--- Exercise description ---
Set down, unchanged, the line holding "Handgetufteter Baumwollteppich Asisa" and all lines that follow it to the end of the material, leaving pictures out.

BEGIN Dataset section

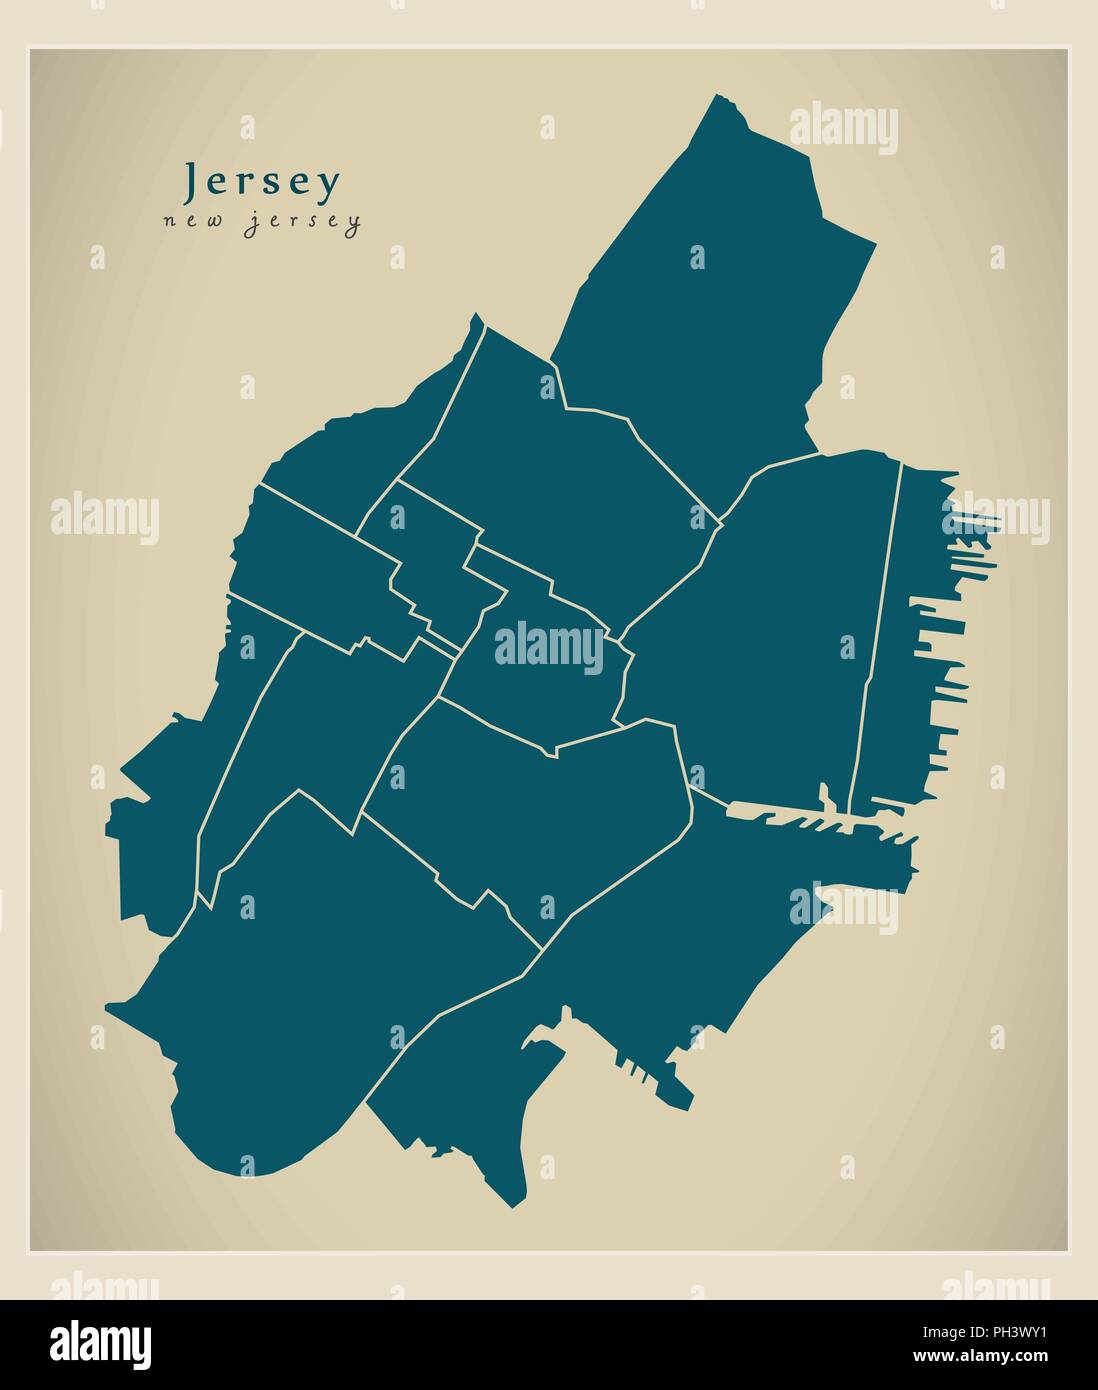 Città moderna mappa - Jersey New Jersey città degli Stati Uniti con i quartieri Illustrazione Vettoriale
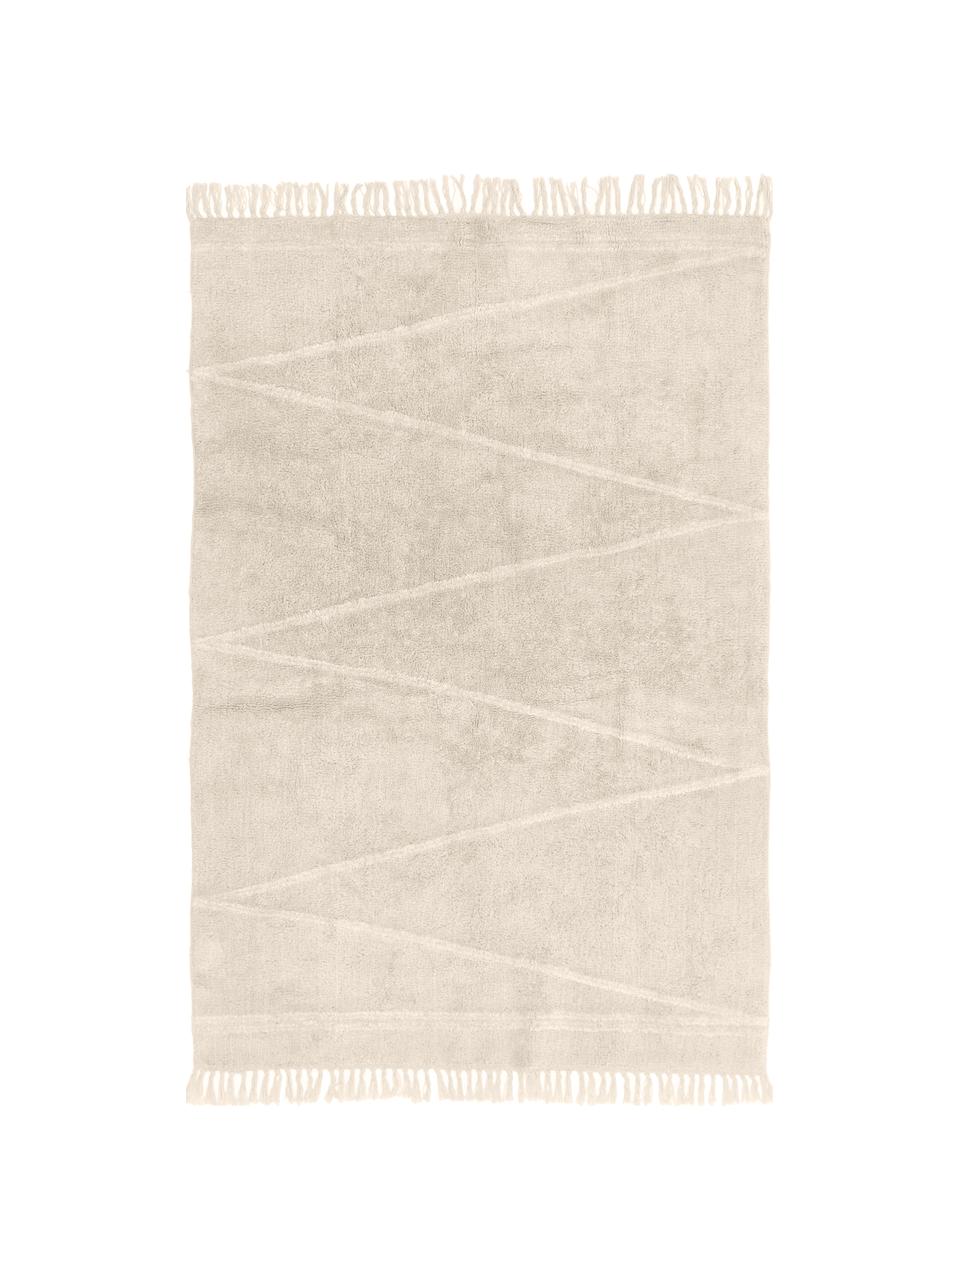 Handgetufteter Baumwollteppich Asisa mit Zickzack-Muster und Fransen, Beige & Cremeweiss, B 120 x L 180 cm (Grösse S)
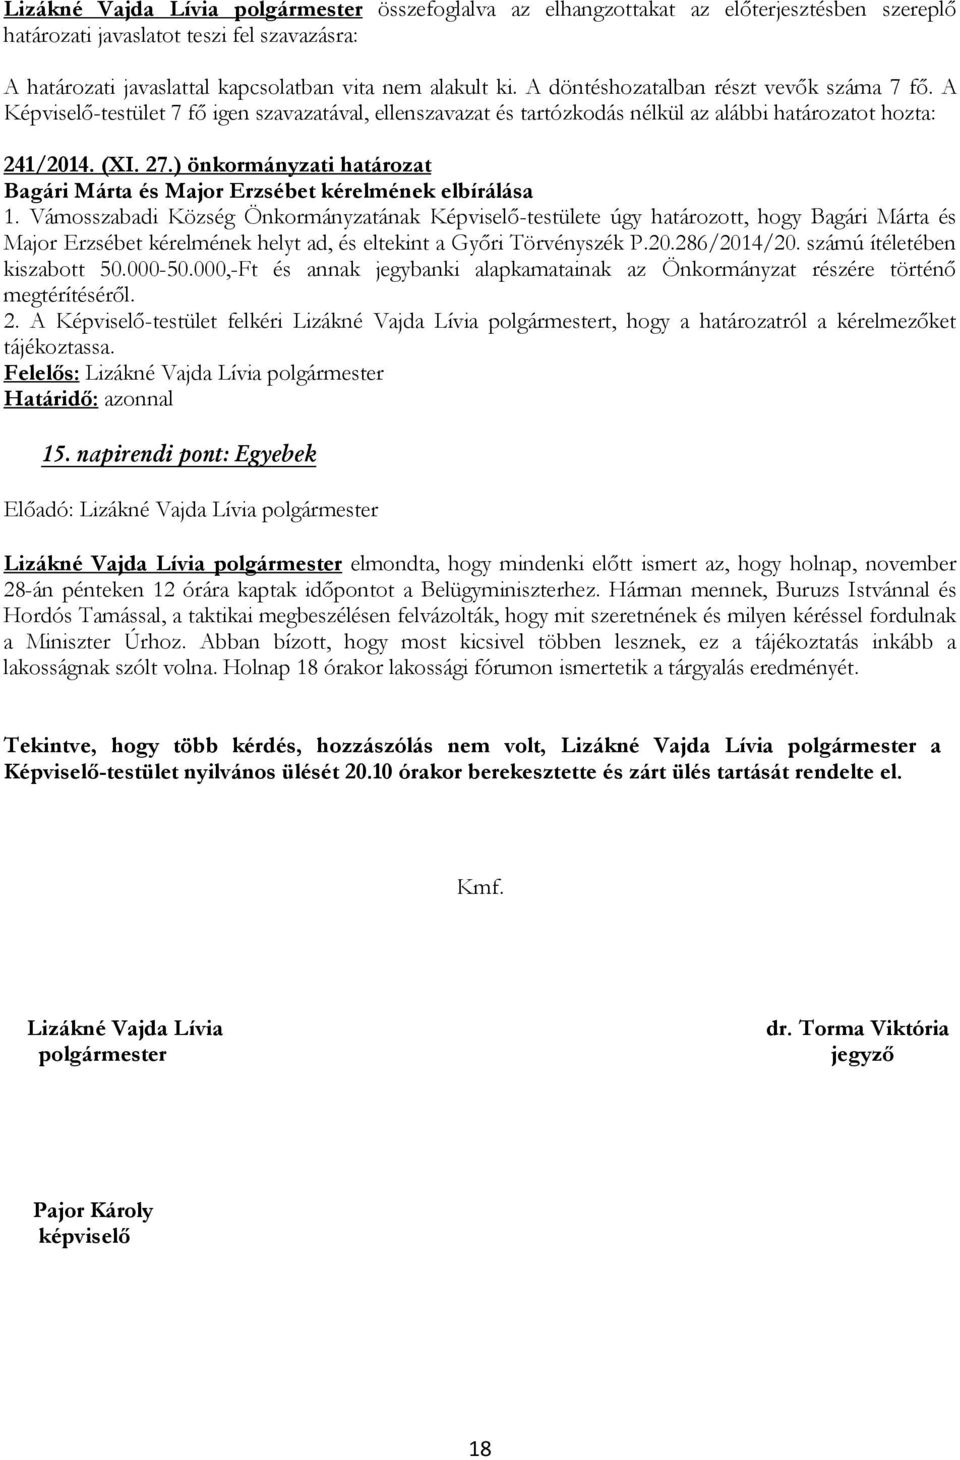 Vámosszabadi Község Önkormányzatának Képviselő-testülete úgy határozott, hogy Bagári Márta és Major Erzsébet kérelmének helyt ad, és eltekint a Győri Törvényszék P.20.286/2014/20.

END Dataset section

--- Exercise result ---
 Handgetufteter Baumwollteppich Asisa mit Zickzack-Muster und Fransen, Beige & Cremeweiss, B 120 x L 180 cm (Grösse S)
 Vámosszabadi Község Önkormányzatának Képviselő-testülete úgy határozott, hogy Bagári Márta és Major Erzsébet kérelmének helyt ad, és eltekint a Győri Törvényszék P.20.286/2014/20.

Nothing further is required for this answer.